Judge Robertson may not be such a lofty judicial figure, either. Scott Johnson at Powerline has unearthed a Wall Street Journal column from 2000, outlining Robertson's role as one of the "Magnificent Seven," Clinton-era appointees to the federal bench in the D.C. area. As recounted by George Mason University Law Professor Ronald Rotunda, the Clinton judges (under the aegis of Chief Judge Norma Holloway Johnson) wound up hearing cases that related to the President's various scandals. Judge Robertson--who worked in an contributed to the Clinton's 1992 presidential campaign--was assigned the trial of Web Hubbell, the long-time Clinton crony accused of corruption as a partner at the Rose Law Firm in Little Rock, where he worked with Hillary Clinton.

As Professor Rotunda notes, Judge Robertson made some rather unusual decisions in the case that appeared to favor the defense:

"In the Hubbell tax-fraud prosecution, Judge Robertson ruled that he could ignore the ruling of the three-judge panel of the D.C. Circuit and hold that the OIC (Office of Independent Counsel) did not have jurisdiction to prosecute Mr. Hubbell and the other defendants, and that it could not use tax documents subpoenaed from Mr. Hubbell. J udge Robertson used incendiary language, calling the OIC's tactics (which other circuits had approved) "scary." The D.C. Circuit agreed with these other circuits and reversed."

Robertson's unusual--perhaps questionable conduct--extended into other elements of the trial as well. At subsequent hearings, Judge Robertson found it almost impossible to set a trial date, and Professor Rotunda observes:

At the hearing of May 8, 1998, OIC counsel asked Judge Robertson to set a trial date, which is standard operating procedure. The judge responded that he normally does that but it would be "arbitrary" to do so here, "when we're looking at the kinds of motions that I'm sure are coming." In other words, the judge refused to set a trial date because of motions not even filed; that is not standard operating procedure. The OIC attorney replied that he had already talked to defense counsel and they were prepared to find a mutually agreeable date, to which Judge Robertson answered, apparently in surprise: "Oh." He still refused to set a date.

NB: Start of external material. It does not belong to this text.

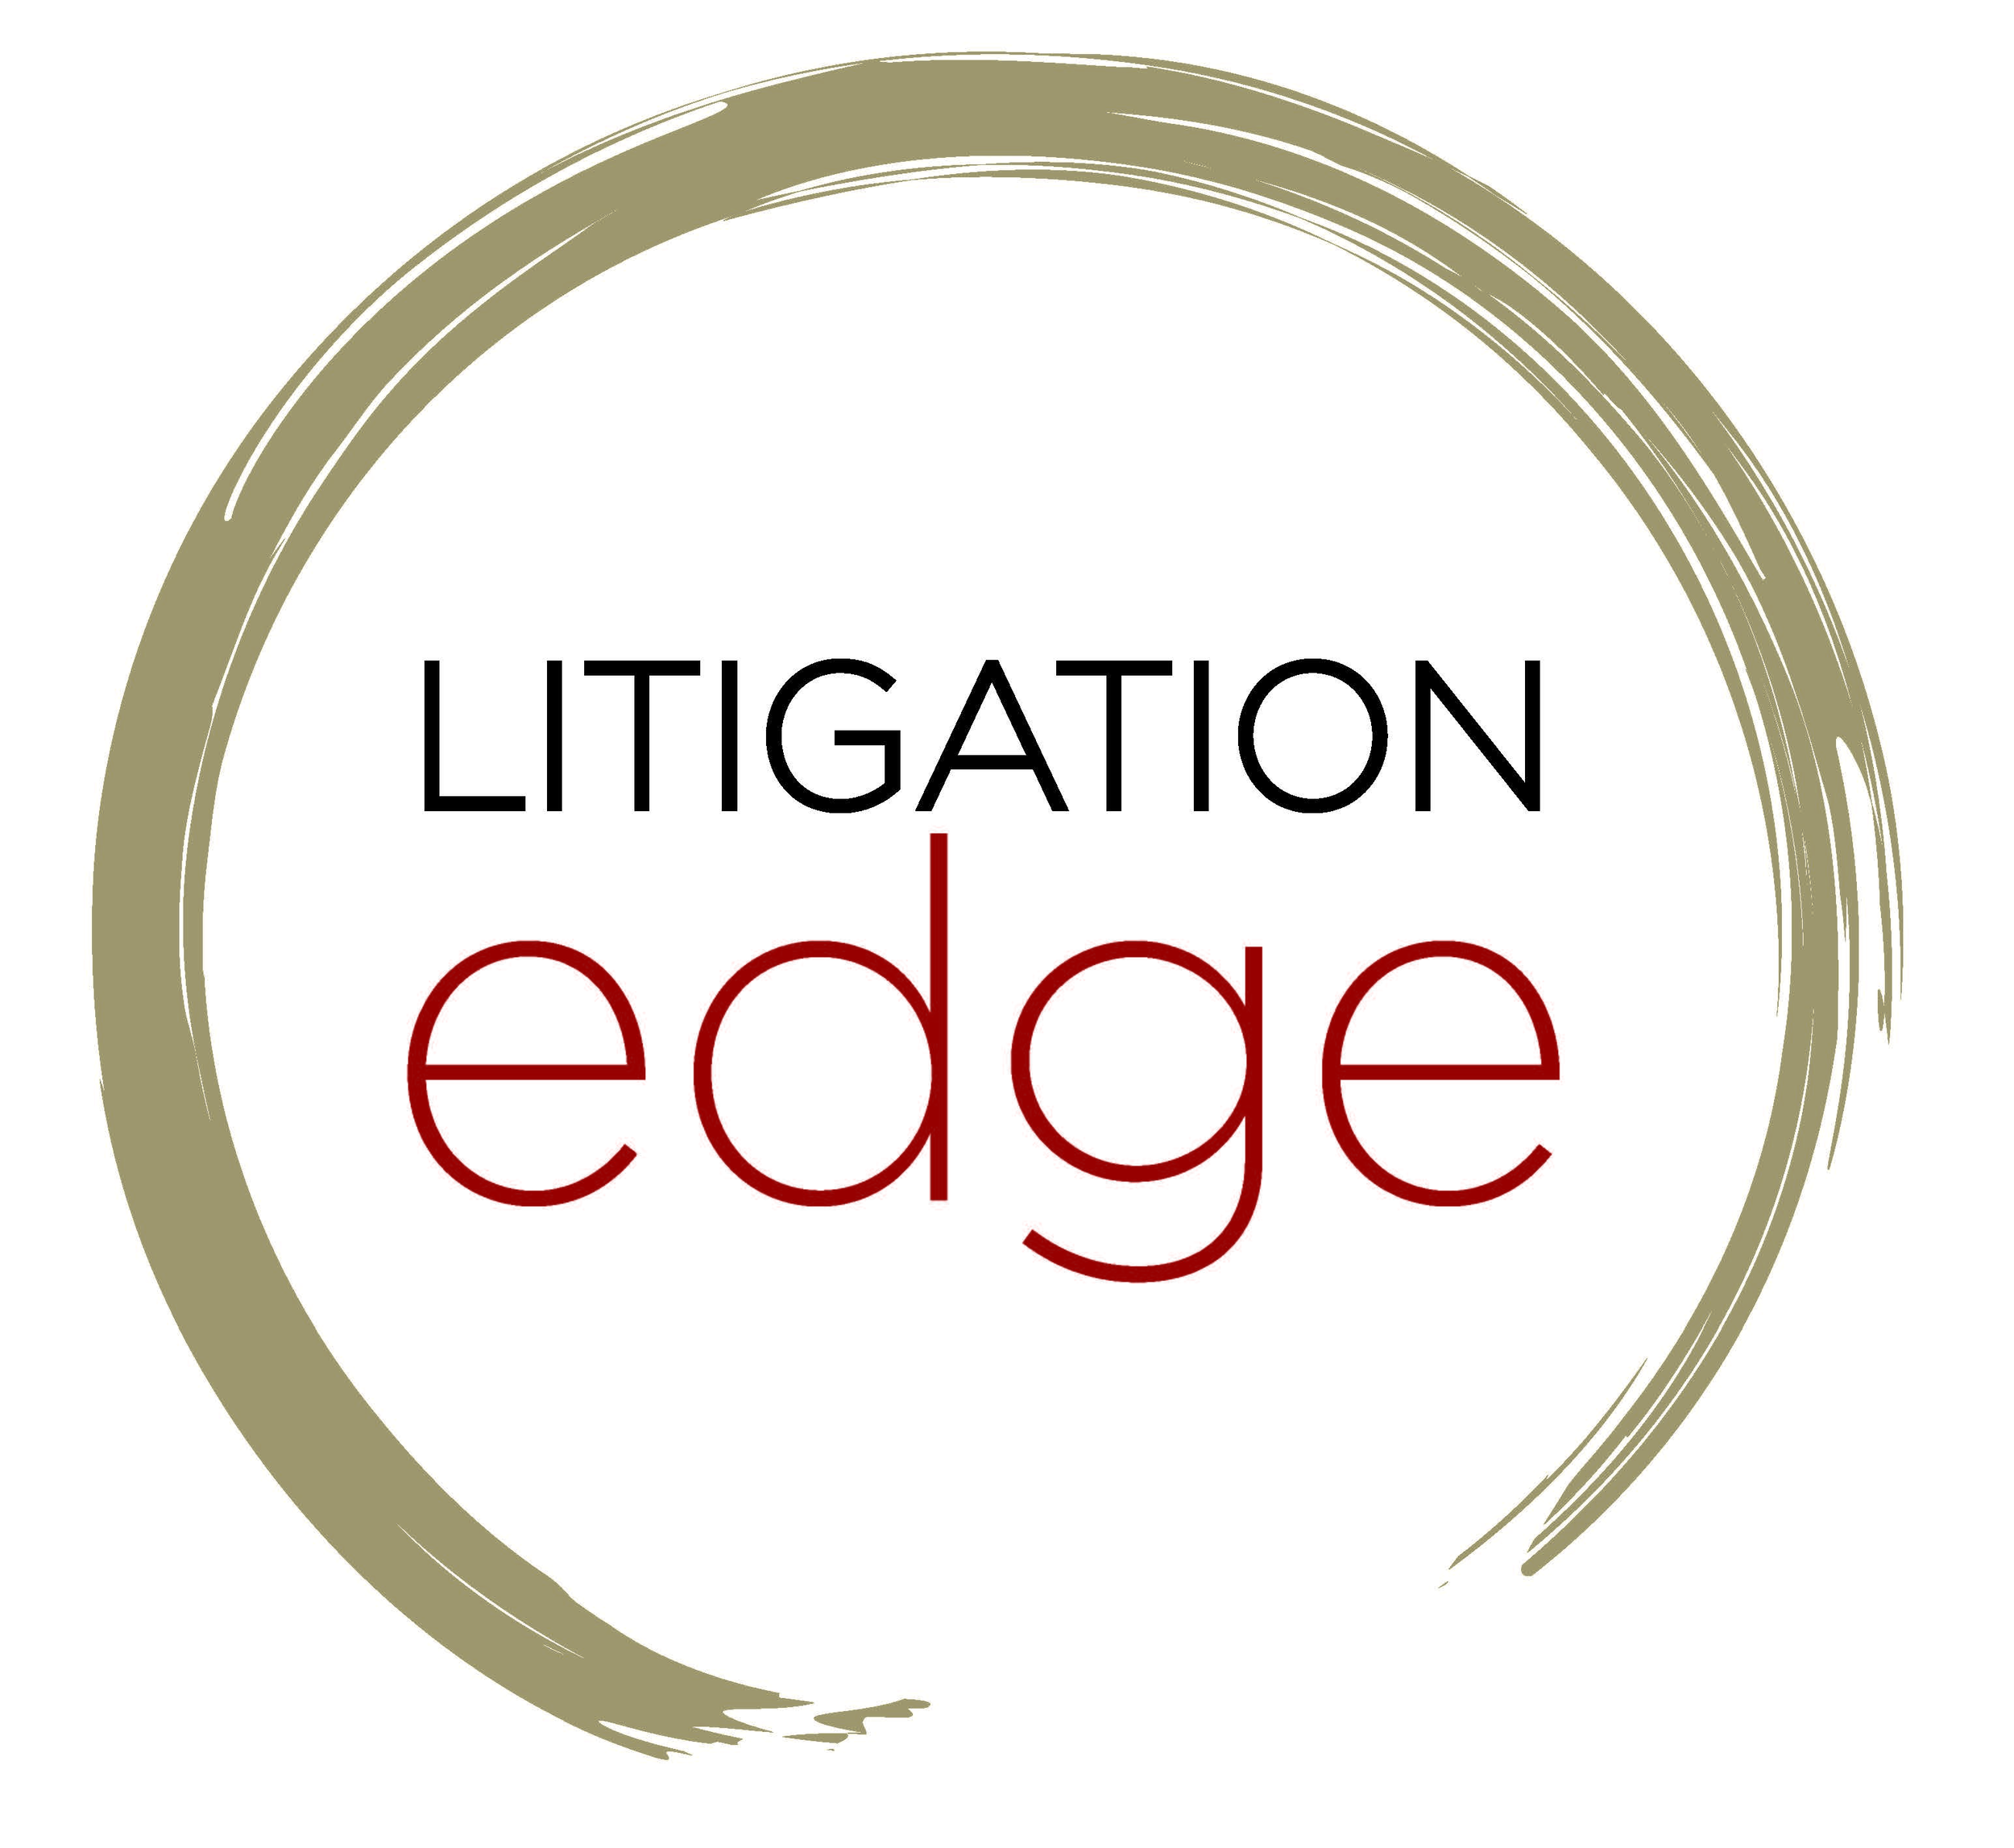 Litigation Edge.png

At the June 2, 1998 hearing, the judge again questioned whether "it makes sense for us to set a trial date," and he volunteered that any date will be written "in sand here if there are, heaven forfend, interlocutory appeals." The defendants are not entitled to interlocutory appeals but the prosecution is, so once more it appeared that the judge had already decided that there would be no trial.

On July 1, three business days after oral argument, Judge Robertson issued a lengthy written opinion. This is an extraordinarily brief time in which to formulate a decision and write it up, unless the judge had made up his mind in advance.

Given these--and other--shennanigans by Judge Holloway and the "Magnificent Seven," Professor Rotunda believed an investigation was in order (it never happened). He also wondered if the federal court's reputation for integrity and impartiality would be the "greatest victim" of the Clinton Presidency. And ironically, a judge now hailed for his "courage" appears to have been a key player in a saga that brought no honor to the federal bench.